Before he had discovered the 105’s extraordinary background, David had got as far as advertising it for sale – it was only ever intended to be a temporary commuter car after all.

But, luckily, there were no takers, and he has since had to fend off advances from staff at the Škoda factory, who made him an offer on one of his three trips to the company’s headquarters.

“They have a large underground car park with one of everything they’ve ever made, including prototypes and race cars – except this one,” says David.

Too much fun

“They thought it had been destroyed, but I said ‘I’ve got one’! They were keen to have it back and hinted it might be worth a mark 1 Octavia for me. But I was having too much fun in it.”

The car is now about to undergo a well-deserved, and thorough, restoration.

“I want to make sure I restore it properly,” says David, who has no idea what the car could eventually be worth. “A really good Estelle could these days go for £4,000 to £6,000, but something as unusual as this, who knows?”

Probably the prettiest car in David’s collection is the S110R coupe, one of just five registered for the road in the UK, according to How Many Left.

“I saw one at a club day and fell in love with the shape, and thought I’d love to have one of those,” says David. “It was the sort of thing people didn’t bother saving and chucked out, so it’s pretty rare now.

“I went to an ex dealer in Southampton in the early 1990s, and there was one parked outside. I said I’d been looking for one of them and after a couple of months the owner got in touch and said it was up for sale.

It looked abandoned

“He was planning on breaking it for parts. It looked like it had been abandoned and the top of the engine was missing. I got it for £50 on condition he towed it home for me.”

The coupe was stripped back to a bare shell, which was grit-blasted before the car was totally rebuilt.

“It took me seven years to finish it, and it’s now been on the road for more than 20 years,” says David. “It goes to owners club events and out on sunny days, but it also went to Slovakia about 12 years ago. Not particularly fast, but it got there with no mishaps.”

Built in 1976, the coupe was not registered until 1980 because of import restrictions on goods from behind the Iron Curtain.

“With that model they were only allowed to import 500 a year,” explains David. “It’s different from the continental ones, being right hand drive, and they didn’t want to only make 500 a year so made a whole bunch of them and sent over 500 at a time.

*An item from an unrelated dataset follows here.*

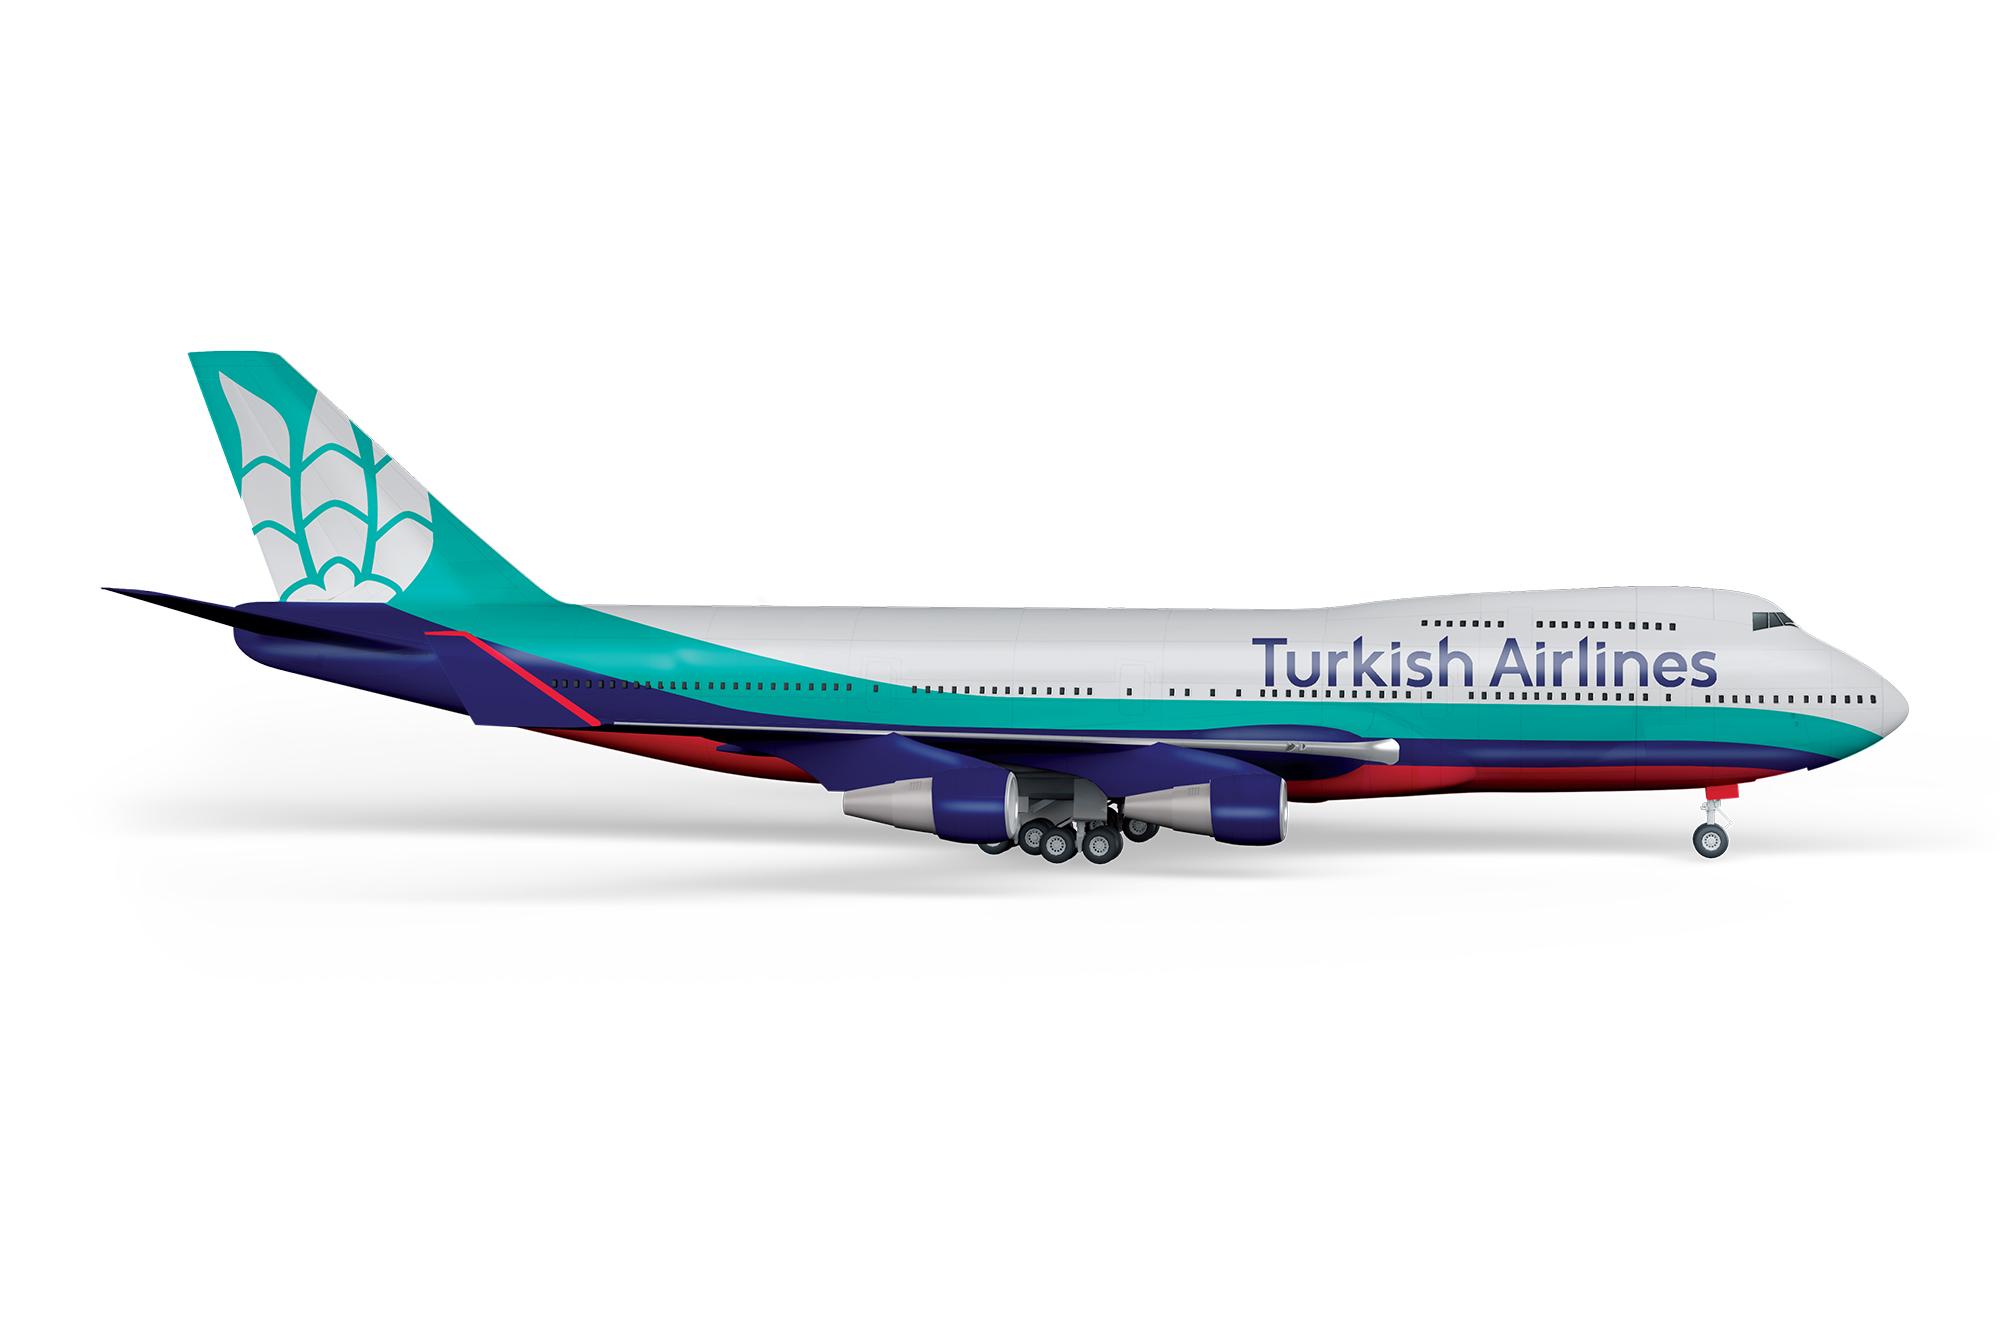 turkishairlines_airplane.jpg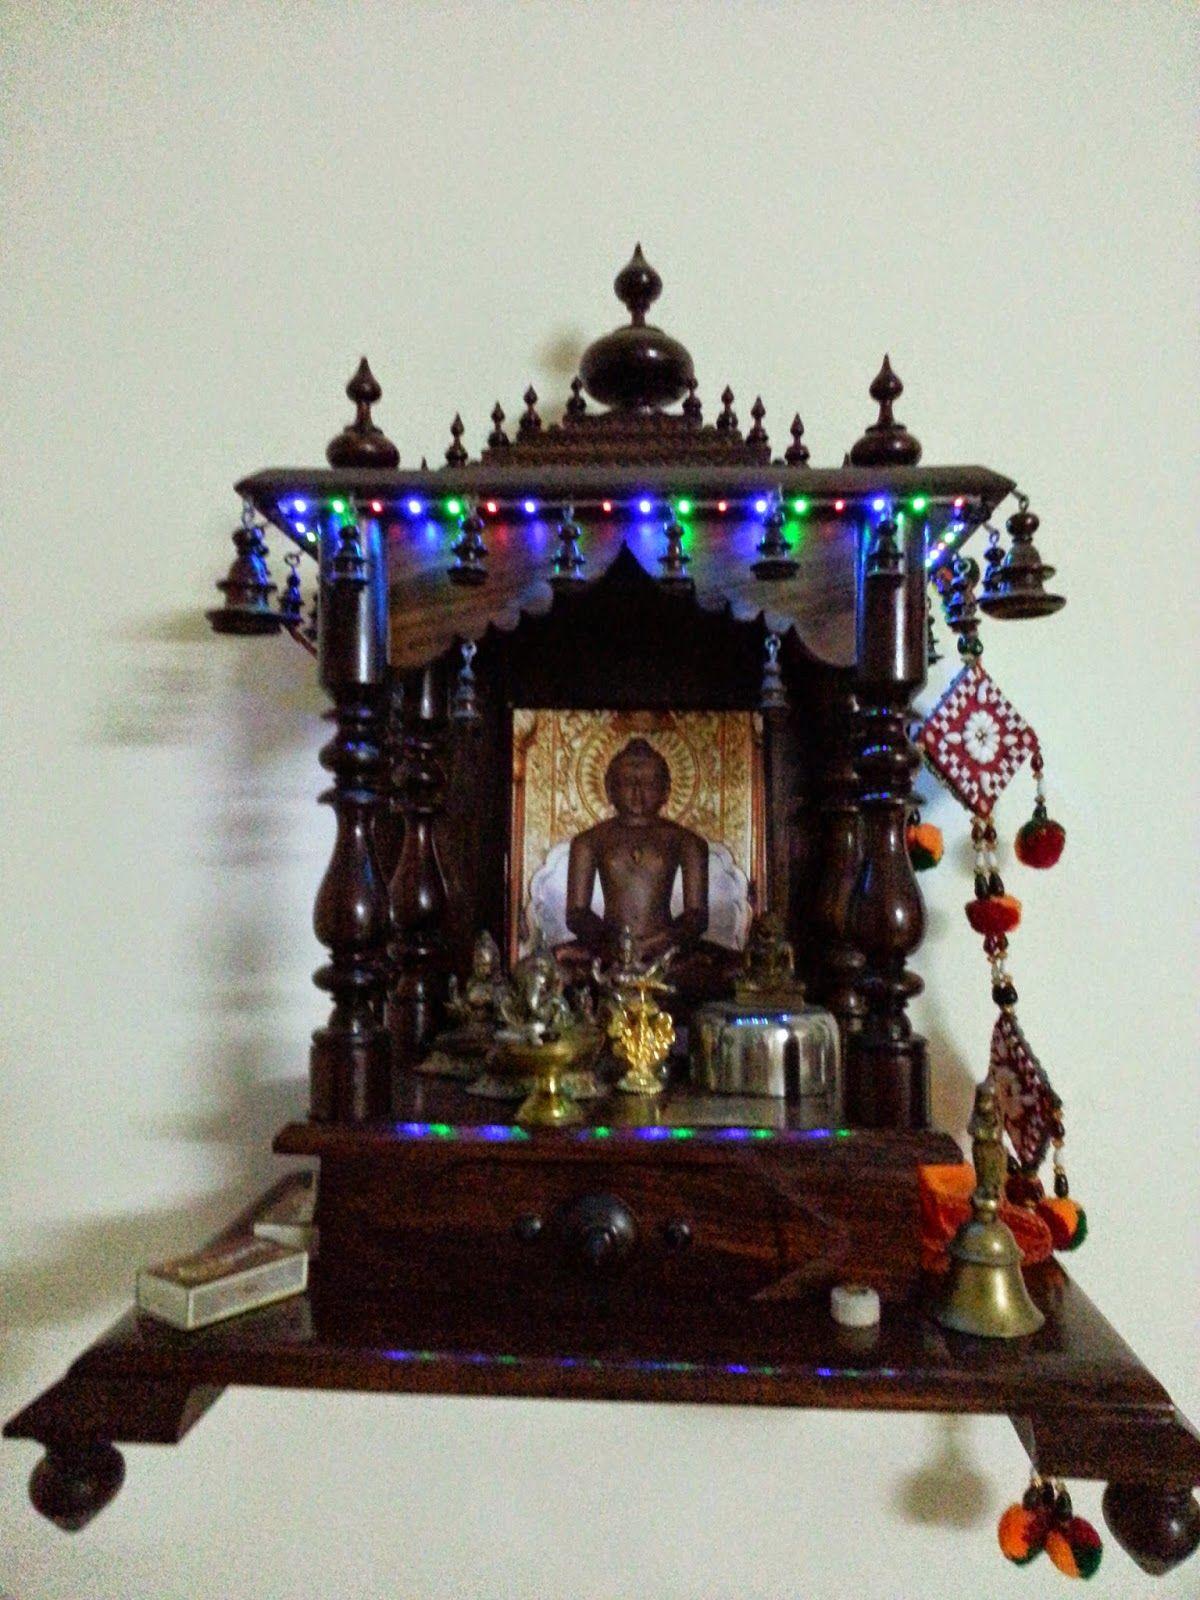 Amit Jain Blog Decorate Your Home Mandir With Flickering

This was one of the last ones registered.”

The 136 Rapid convertible, a 1985 model, is another rarity on UK roads these days, and another car picked up by David in the early 1990s – in unusual circumstances.

‘This is horrible’

“I’d picked up a G-reg Estelle with a bodykit from a scrapyard,” he says. “The owner of the scrapyard had seen it going cheap and bought it, but then drove it and thought ‘this is horrible’.

“He parked it up and didn’t use it again, and said if you want it you can have it. About a year later I was at an owners club event, and a chap turned up with a nice Rapid convertible.

“His wife had just had their fifth baby and the convertible was not suitable. I suggested we swap my Estelle for the convertible and that’s what we did. I’ve hung on to it ever since.”

The 1998 Felicia estate was bought as a commuter car, with the Octavia taking over duties because David feared the former may not last much longer doing the 50-mile round trip to work and back.

“I then promptly got a job three miles from home!” he says. “It was a case of either take the Felicia to the local breakers yard or sell it on through the club. There were no offers when it was advertised, so I’ll hang on to it for now and see how the Octavia works out.”

At the moment then, none of the six are going anywhere, though the Rapid convertible is the car most likely to be sold should David ever have the need to cash in.

“I get tempted to sell it sometimes,” he admits. “The prices of those have got really silly. They were never available in Czechoslovakia so can fetch between £15,000 and £20,000 now.

“If for any reason I needed to find money that could be a rather useful sum. But all the time I don’t need to sell it, I will hang on to it.”

David won’t be adding any more to his collection, though. “No, I think my missus would throttle me – I’m not going to push my luck!” he laughs.